La mano. La mano di Trevisan che sembra carezzare il corpo sempre più scheletrito della Cescon, costretta da un sadico e masochistico gioco di nullificazione semi-volontaria, sembrerebbe gesto di passione, di condivisione, ed invece è solo esplorazione di sé stessi, autoreferenziale e concentrico girone d’inferno che cesella la riuscita del proprio esperimento.

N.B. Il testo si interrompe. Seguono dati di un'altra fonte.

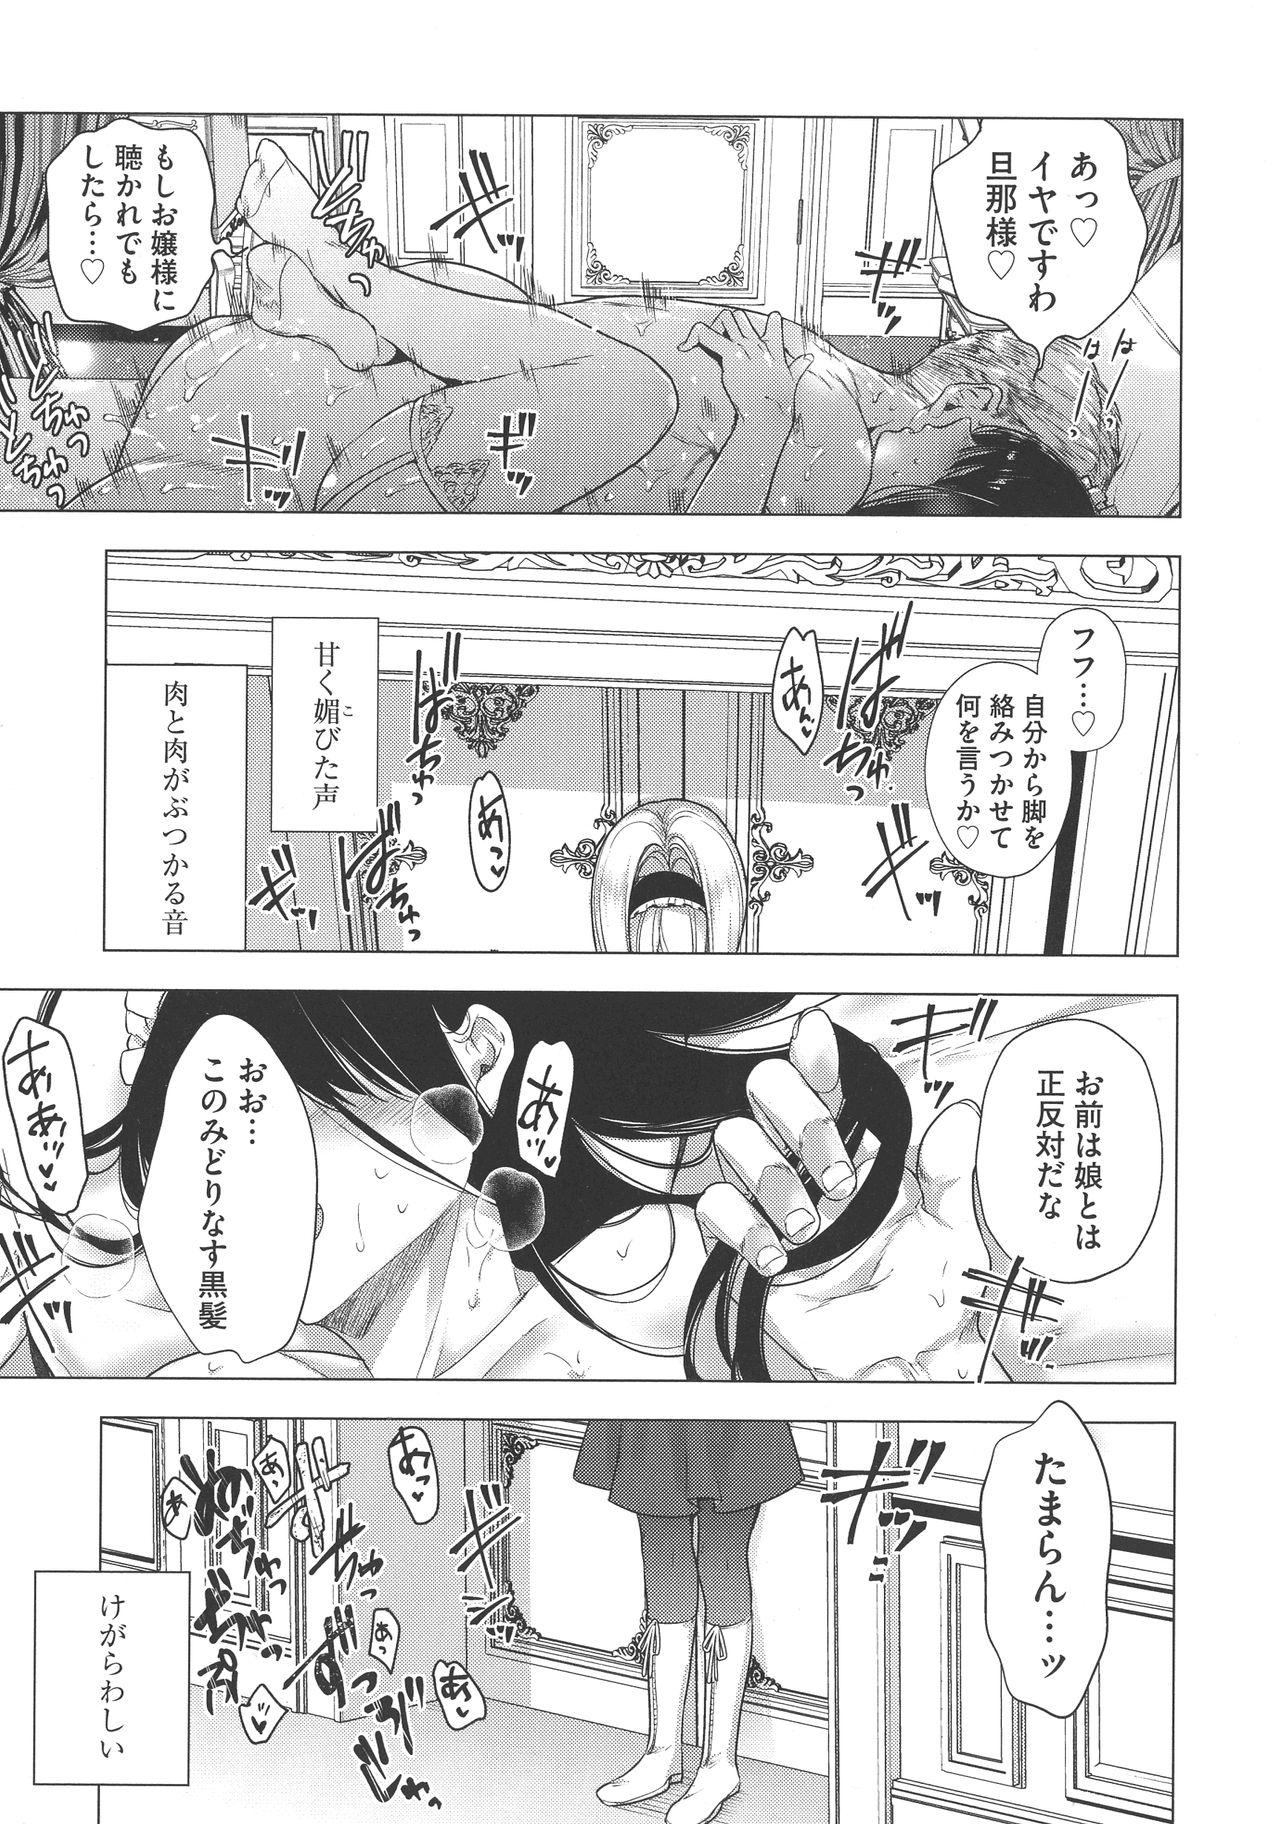 Gozada Yugande wa iruga are wa koidatta. Solo - Page 9

Non a caso, il protagonista, Vittorio, alter ego metafisico di Trevisan, è un imprenditore orafo. Assiste alla trasformazione alchemica dell’oro, al cesellare materia inerte per assegnarle un valore, traslando poi questa materializzazione nella sessualità e in una passione che tutto avvolge, inghiotte e che lo porta in analisi: la passione, quella per la estrema magrezza, quella che conduce al gelo senza speranza di redenzione.
Lui e Sonia, tragico incontro di due solitudini asimmetriche, convogliate da una forza oscura verso il medesimo annuncio per cuori solitari, proprio come i rituali matematici del protagonista de ‘I quindicimila passi’, si annullano l’un dentro l’altro, continuando pur nella loro relazionalità malata, algida, cupa, ad essere tragicamente soli.
Soli nella ossessione. Soli nella morte. E per questo, come Trevisan, perfetti.